2. Description of the Related Art In general, a syringe for an endoscope is connected with a straight injection needle made of a metal pipe at a distal end of a liquid feeding tube, and is injected from a distal end of an outer tube that can be inserted into and removed from a treatment instrument insertion channel. It is configured so that the needle can be protruded and retracted.

However, in order to perform an injection into an affected part in a body cavity, it is often the case that the needle tip slips and the puncture cannot be successfully performed unless the puncture is performed from the frontal direction which is as perpendicular as possible to the mucosal surface.

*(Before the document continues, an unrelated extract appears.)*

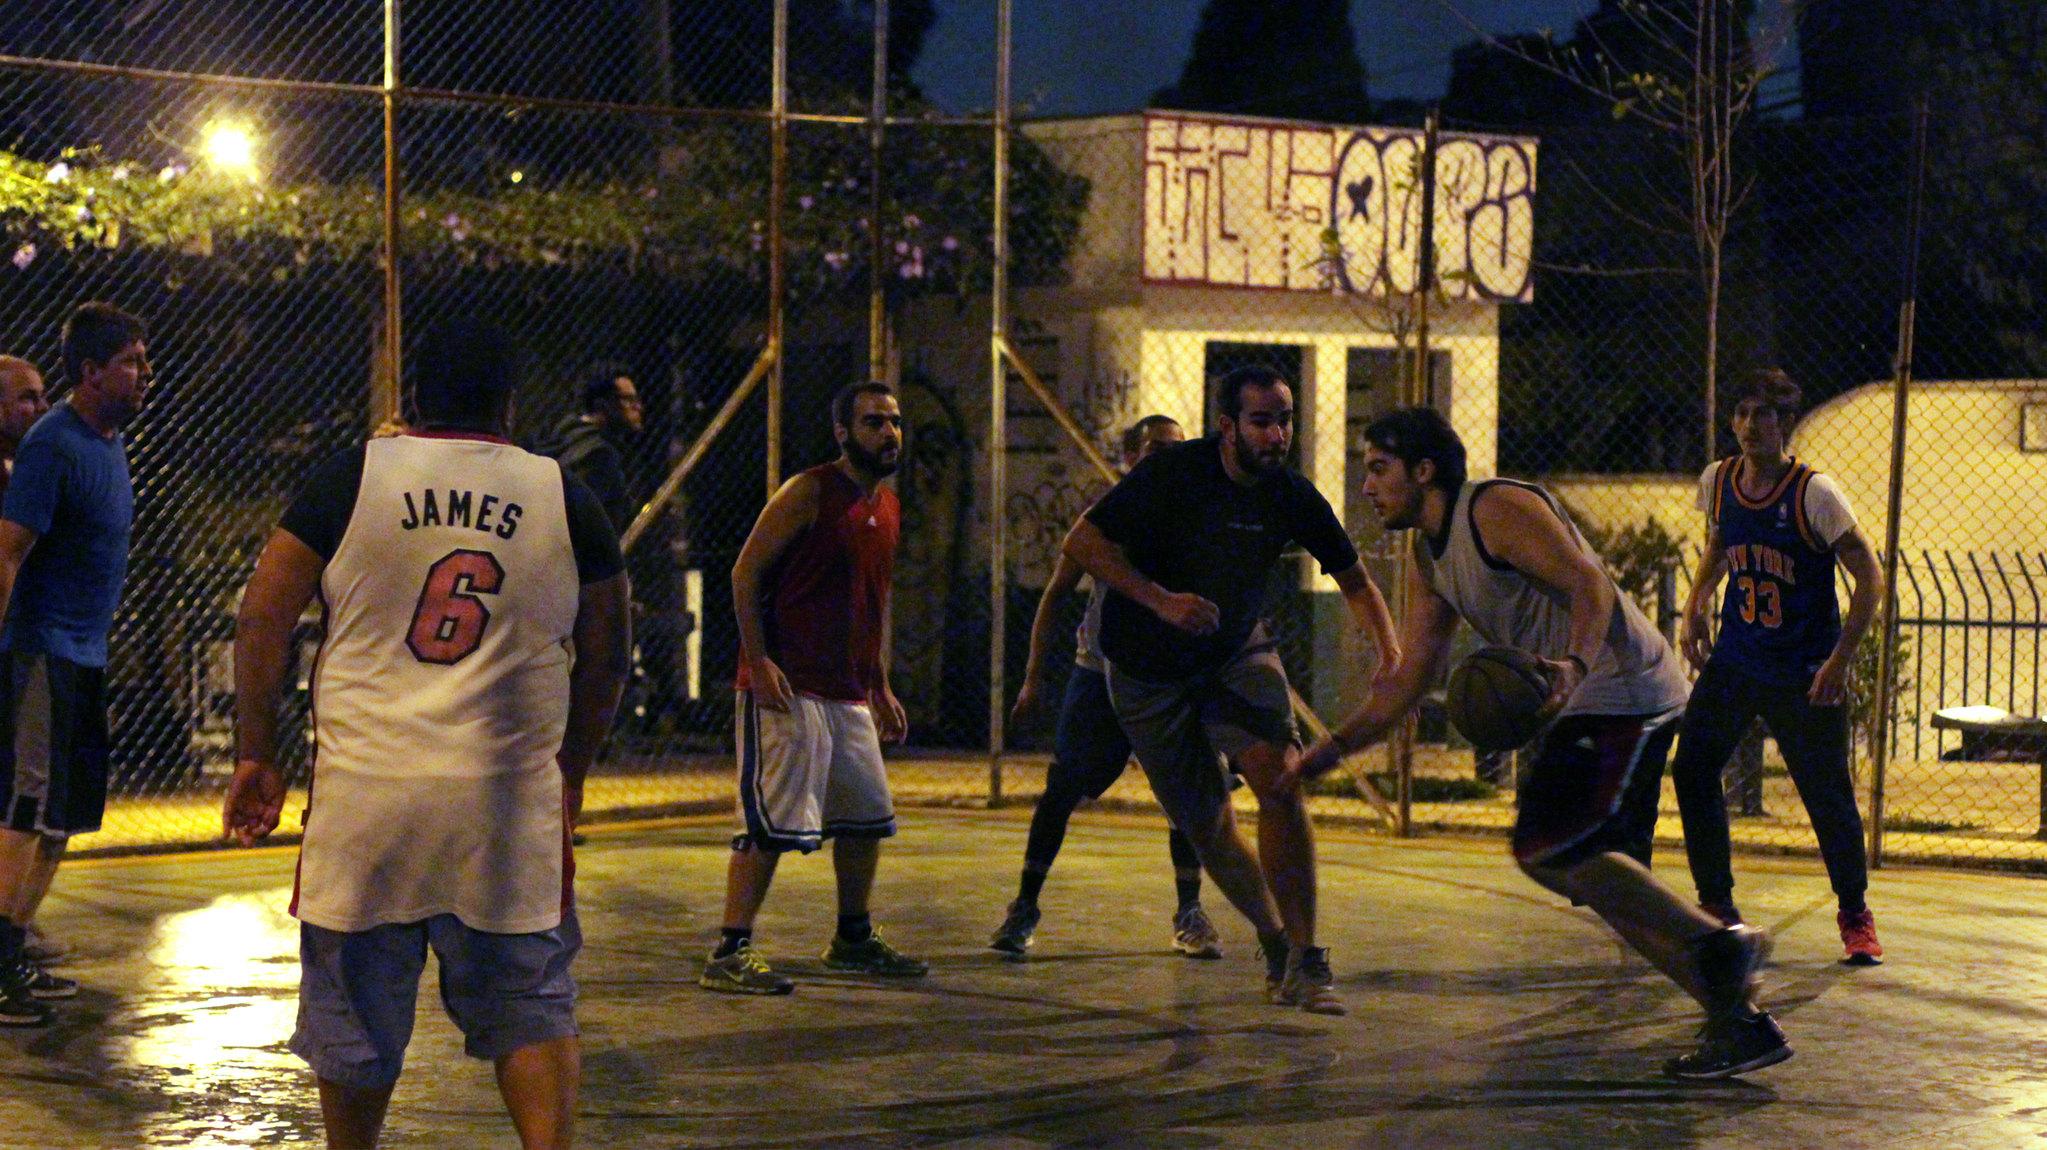 Use a cidade a seu favor  esportes na rua  6688f507bb0ed

[0004] Therefore, conventionally, an operation wire connected to the distal end portion of the mantle tube is pulled from the hand side, whereby
There are ones in which the tip portion can be bent (JP-A-5-57021, JP-A-5-253179).
issue).

[0005]

However, in order to bend the distal end portion of an extremely thin endoscope injection tool by a pulling operation of the operation wire in a short distance, it is necessary to pull the ultrafine operation wire with a strong force. Does not occur, the tip mechanism is easily damaged. In addition, on the hand side, both the injection operation and the tip bending operation, which require very delicate operations, have to be performed, so the operations are complicated and it is difficult to perform accurate operations.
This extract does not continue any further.